We agree. As illustrated above, were we to sanction releases for reckless conduct, parties would escape liability for consciously disregarding substantial risks of harm to others; indeed, liability would be waivable for all conduct except where the actor specifically intended harm to occur. There is near unanimity across jurisdictions that such releases are unenforceable, as such releases would jeopardize the health, safety, and welfare of the people by removing any incentive for parties to adhere to minimal standards of safe conduct.

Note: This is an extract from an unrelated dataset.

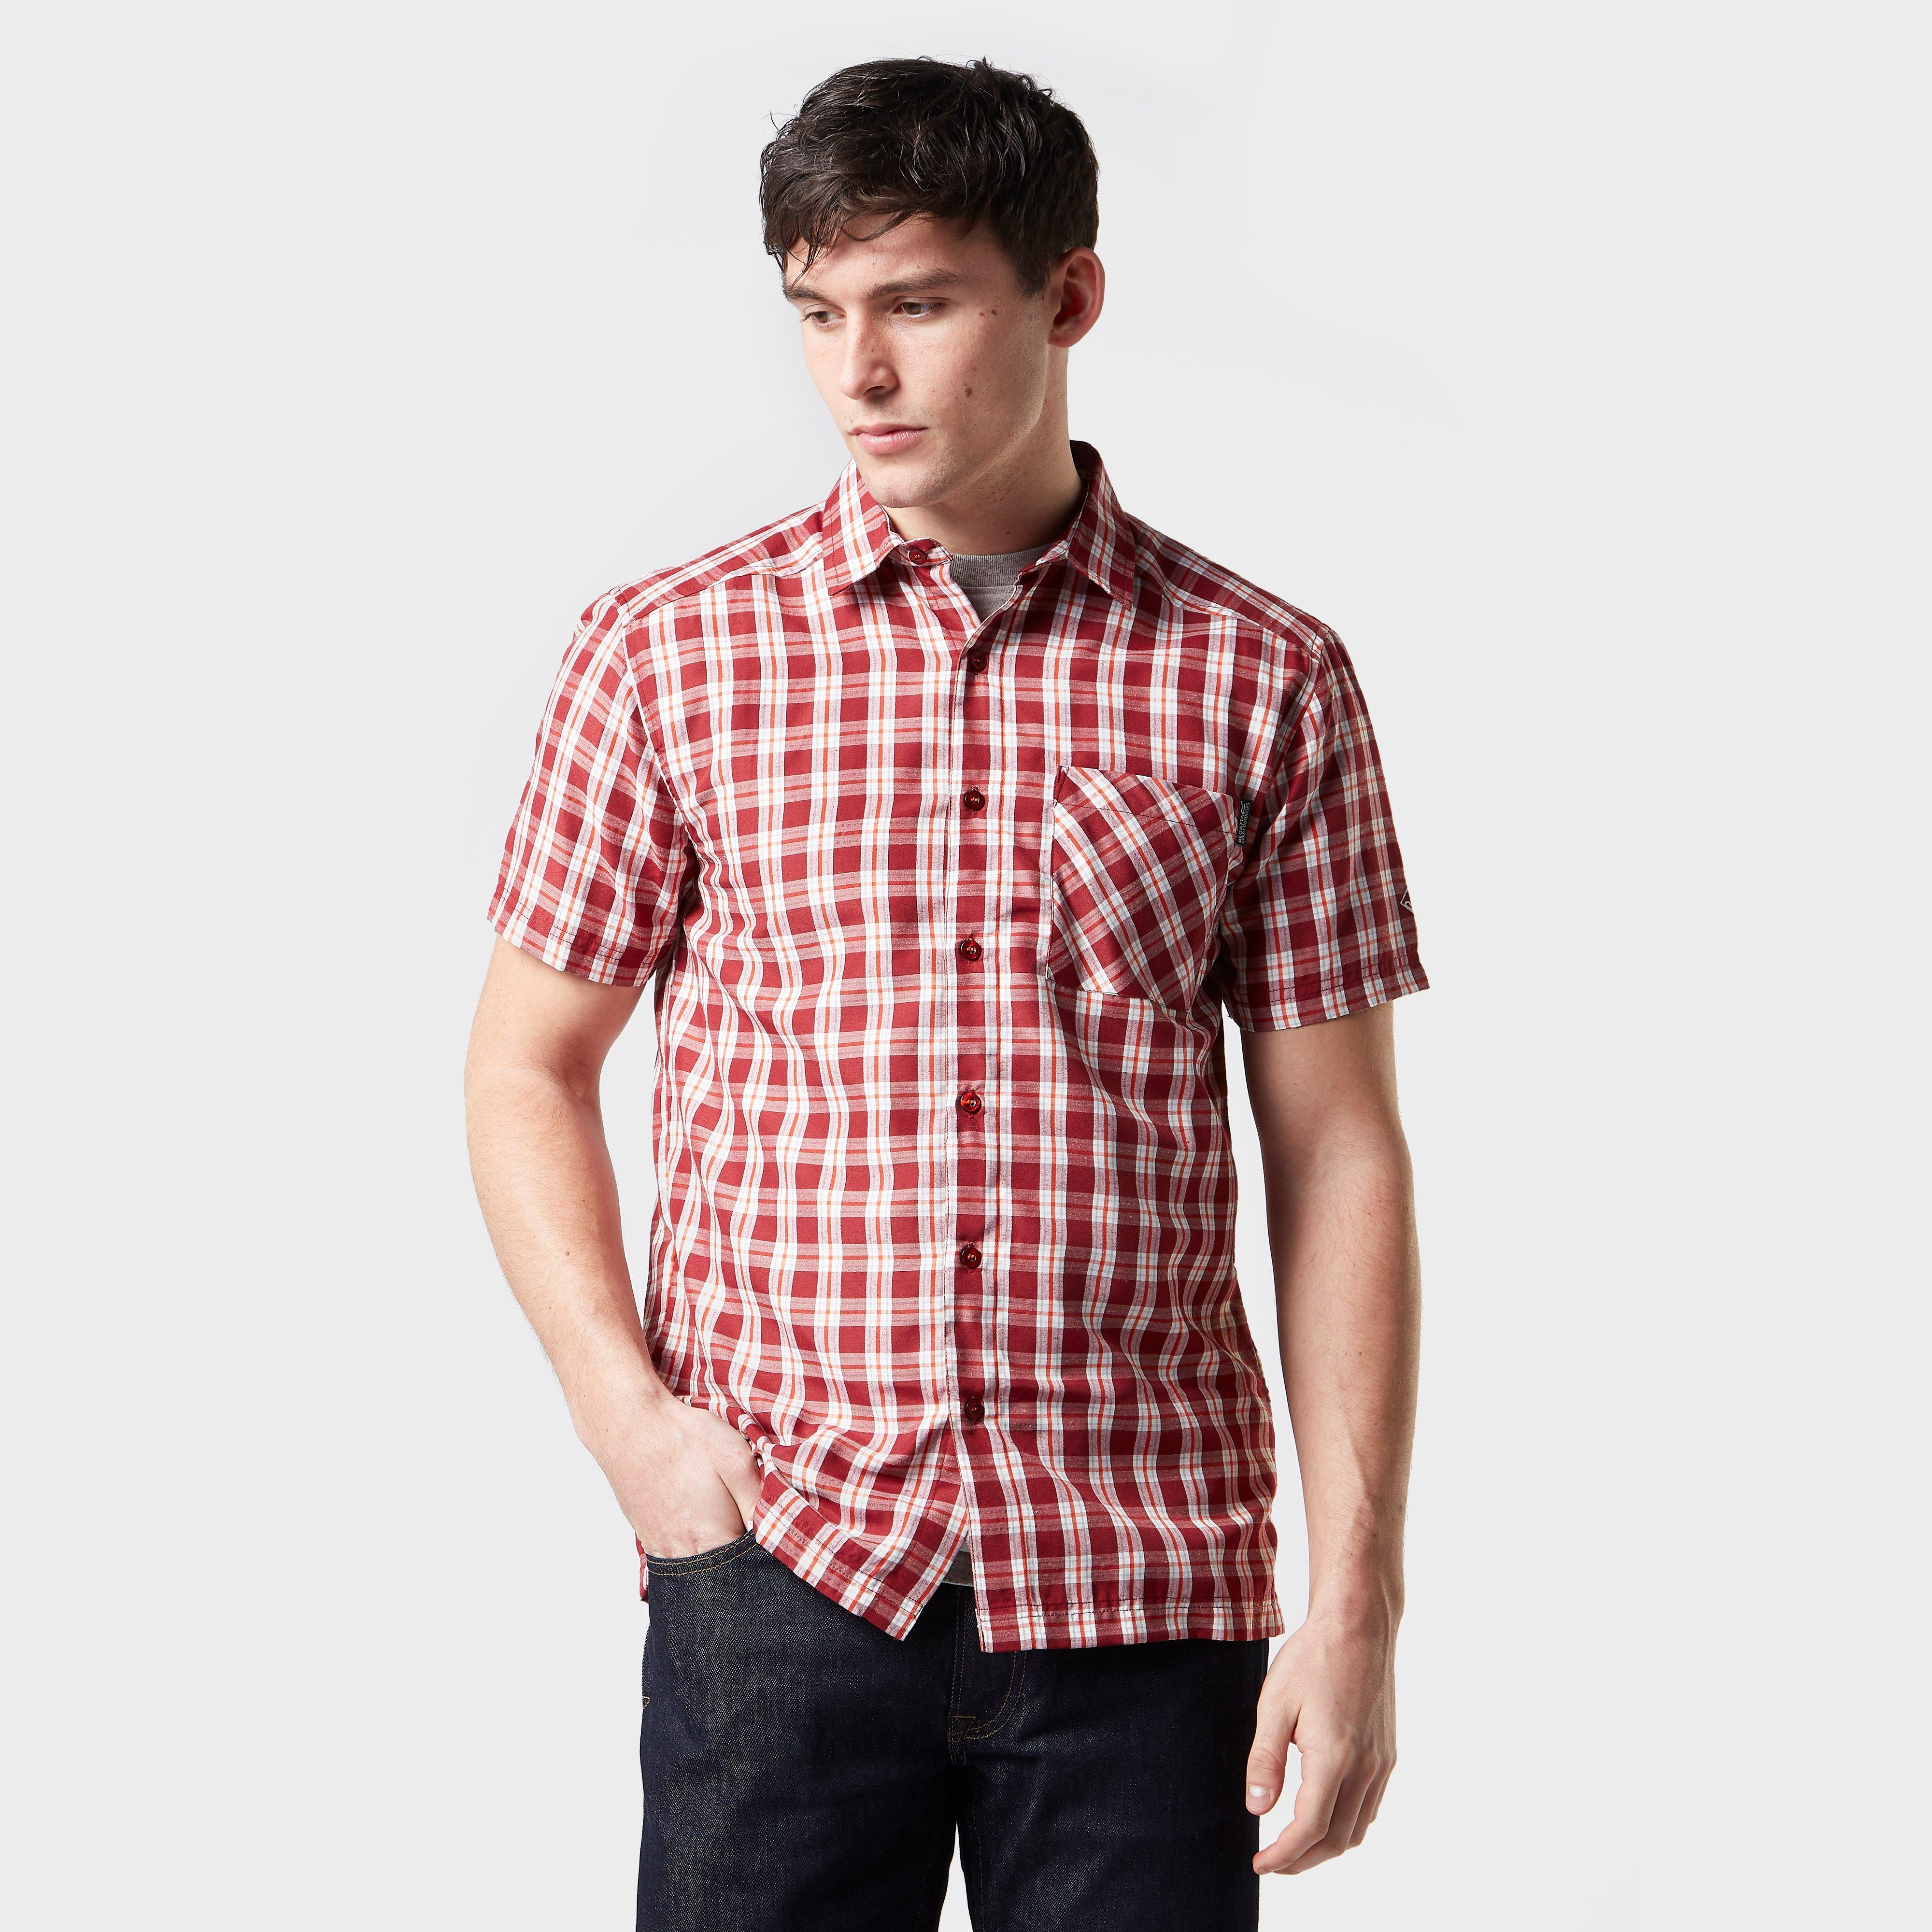 Regatta Regatta Mens Mindano V Long Sleeve Shirt - Red, Red

See Hall, 538 Pa. at 347-48, 648 A.2d at 760. We therefore conclude that, even in this voluntarily recreational setting involving private parties, there is a dominant public policy against allowing exculpatory releases of reckless behavior, which encourages parties to adhere to minimal standards of care and safety.

III. Conclusion

Accordingly, we reverse the Superior Court's order in part, affirm in part, and remand. We reverse the order of the Superior Court to the degree it concluded that Monaghan was not covered by the Release. We affirm the order to the degree it reversed the grant of summary judgment on the basis that the Release did not bar claims based on reckless conduct, and remanded for further proceedings; on this latter point, we are affirming on the alternative basis that, to the degree it released reckless conduct, the Release was against public policy.*fn14

Jurisdiction relinquished.

Madame Justice Orie Melvin did not participate in the consideration or decision of this case.

Mr. Chief Justice Castille and Messrs. Justice Saylor and McCaffery join the opinion.

Mr. Justice Eakin files a concurring and dissenting opinion. Mr. Justice Baer files a concurring and dissenting opinion.